- Occupations: Writer, producer, director
- Notable work: Fun Song Factory

= Will Brenton =

British director, producer, and writer

William Brenton is an English writer, producer and director who has worked in many areas of television and theatre, primarily through his companies Tell-Tale productions and Wish Films, both of which he founded with Iain Lauchlan. Together they gained six BAFTA nominations, as well as many other awards for their work together.
They won a 2000 BAFTA, Best Pre-School Live Action.

They first met as presenters on the BBC children's programme Playdays, where they presented the Tent Stop together. From there they went on the write and appear in the pantomimes at the Belgrade Theatre in Coventry, from 1991 up to 2000. These pantomimes are still performed all over the UK today by Imagine Theatre. During that time they created and produced many of the UK's favourite TV shows for children, including The Tweenies, Fun Song Factory, Boo! and BB3B. Later, as Wish Films, they also created Jim Jam and Sunny for ITV.

Brenton also directed Coronation Street and Emmerdale in the 1990s, and in 2010 he co-wrote and directed the very successful Doctor Who live tour, The Monsters Are Coming starring Nigel Planer, a sixteen-piece rock band playing the music of Murray Gold and playing in arenas all over the UK.

Will has also written children's books, his first titles Claude and Elephant White being released in 2011–2012, published by Egmont and Templar respectively.

More recently, Brenton has continued writing and directing shows for the Arena circuit, including CBeebies - Stars, Justin and Friends and CBeebies - The Big Band as well as writing and directing live shows for The Hairy Bikers and directing David Hasselhoff in Peter Pan at the Manchester Opera House.

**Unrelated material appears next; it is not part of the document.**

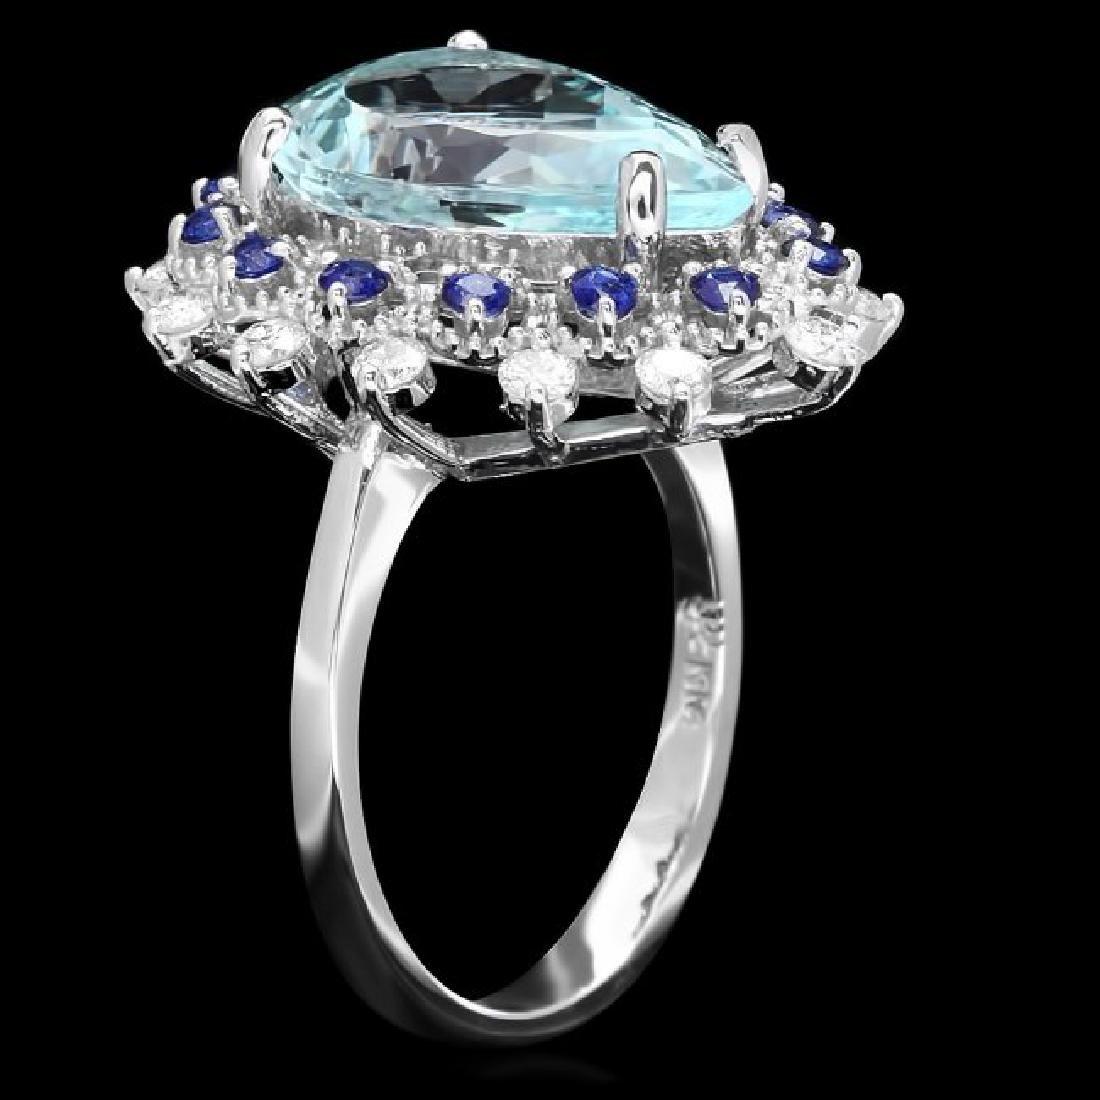 14k Gold 5.50ct Aquamarine 0.55ct Diamond Ring - 2

In 2015, Will Brenton wrote and directed the next Basil Brush Live show and the next Justin and Friends - Mr Tumble's Circus arena tour.

He has also developed and produced Melody, a show for CBeebies about a partially-sighted girl and the stories she imagines when listening to classical music. A second series was produced in the Autumn of 2014.

Lauchlan left Wish Films in 2009, and Will ran the company with Helen Cadwallader. They went on to produce a TV adaptation of Mick Inkpen's Wibbly Pig books (nominated for a Gemini in Canada) and 64 Zoo Lane creator An Vrombaut's Dear Dragon books, which have aired on Disney Junior UK as Florrie's Dragons.